Little is known of the lives of the tribes after their arrival in Canaan, and of the process by which they may have moved toward some kind of national consciousness before the institution of the monarchy; scholarly opinions differ widely. Two groups, Judah (which seems to have been composed of several originally distinct elements) in the south, and the “house of Joseph” (which at some point constituted two distinct tribes, Ephraim and Manasseh) in the central highlands, seem to have been especially prominent. Less is known of the history of the other tribes further north and to the east of the Jordan, with the exception of Dan, which moved, probably under Philistine pressure, from its original territory to the extreme north of the country (Judg. 18; compare chaps. 13–16). The tribe of Levi is an enigma. According to some traditions (Num. 1.47–54; Deut. 10.8–9; 18.1–2; 33.8–11; Josh. 13.14, 33) it was distinguished from all other tribes in that it was given no territorial rights but had special sacerdotal functions that entitled it to material support from the other tribes, among whom its members moved. In other passages (Gen. 34.25–31 and 49.5–7), however, it is portrayed as being on the same footing as the other tribes. (See Levites.)

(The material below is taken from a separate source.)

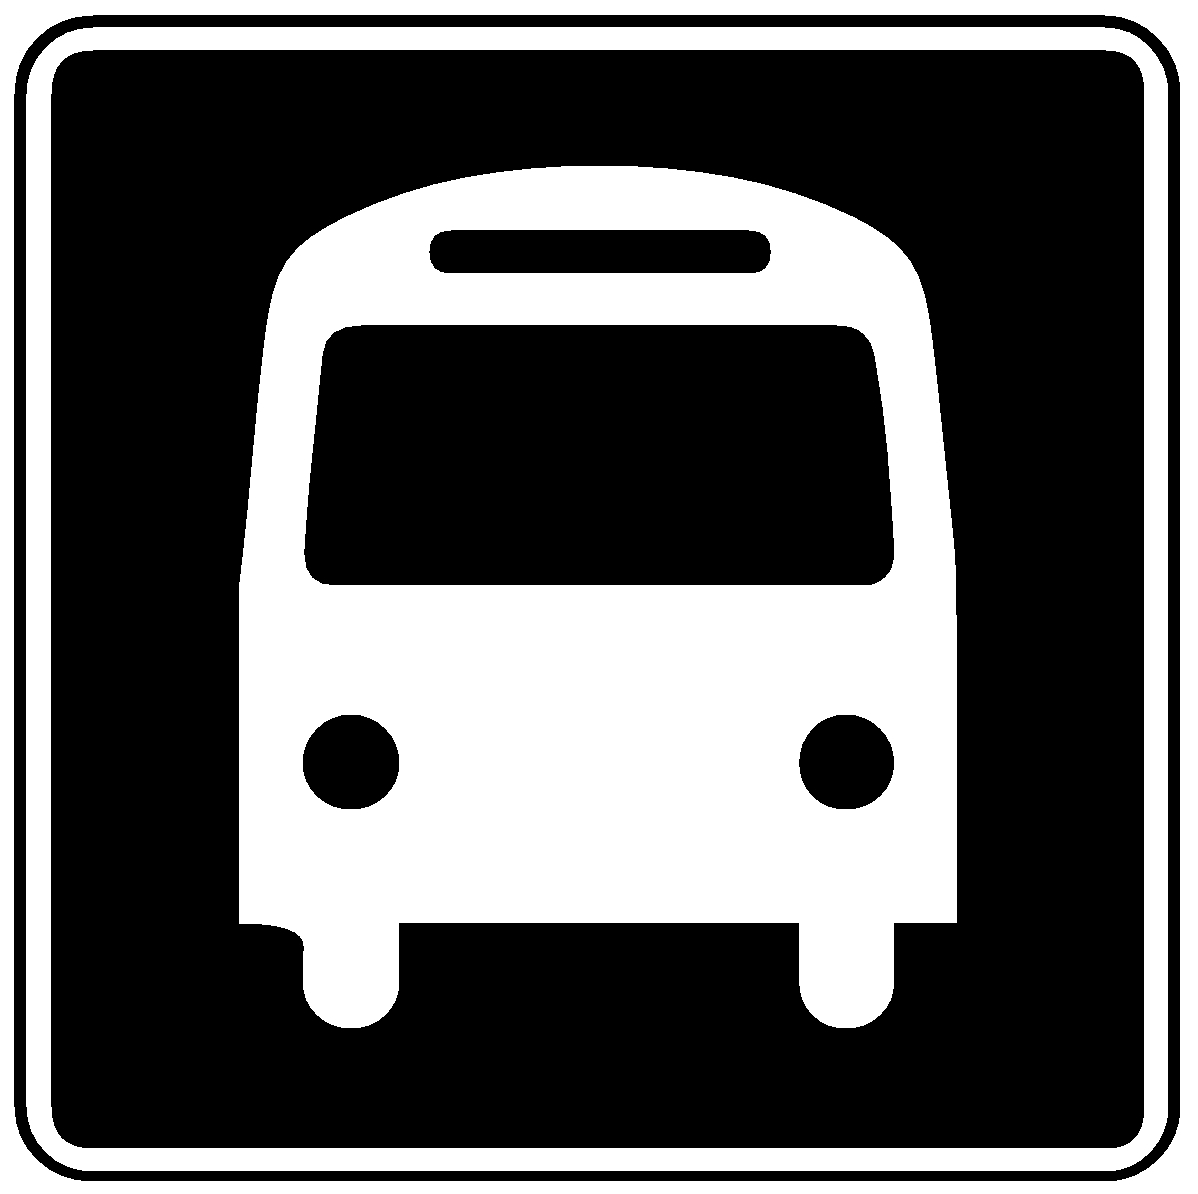 metro bus schedule

It is important to realize that the word “tribe” does not necessarily suggest a nomadic or seminomadic existence or origin: in the ancient Near East and elsewhere, it frequently denotes a territorial group of settled agricultural or even urban people who claim a common ancestry. Moreover, despite the impression given by many passages in the Bible, the tribe was not the basic social or economic unit in Israel in either premonarchic or later times; the basic units were the family and the village, which were bound together by local agricultural and other common concerns. The larger body, the tribe, was a much looser unit whose main function was apparently, in the period before the monarchy, to provide a militia in times of danger. With the advent of the monarchy, the tribes lost this function and were henceforth little more than a means of genealogical identification. The division of the kingdom after the death of Solomon was a political rather than a tribal matter.See Israel, History of.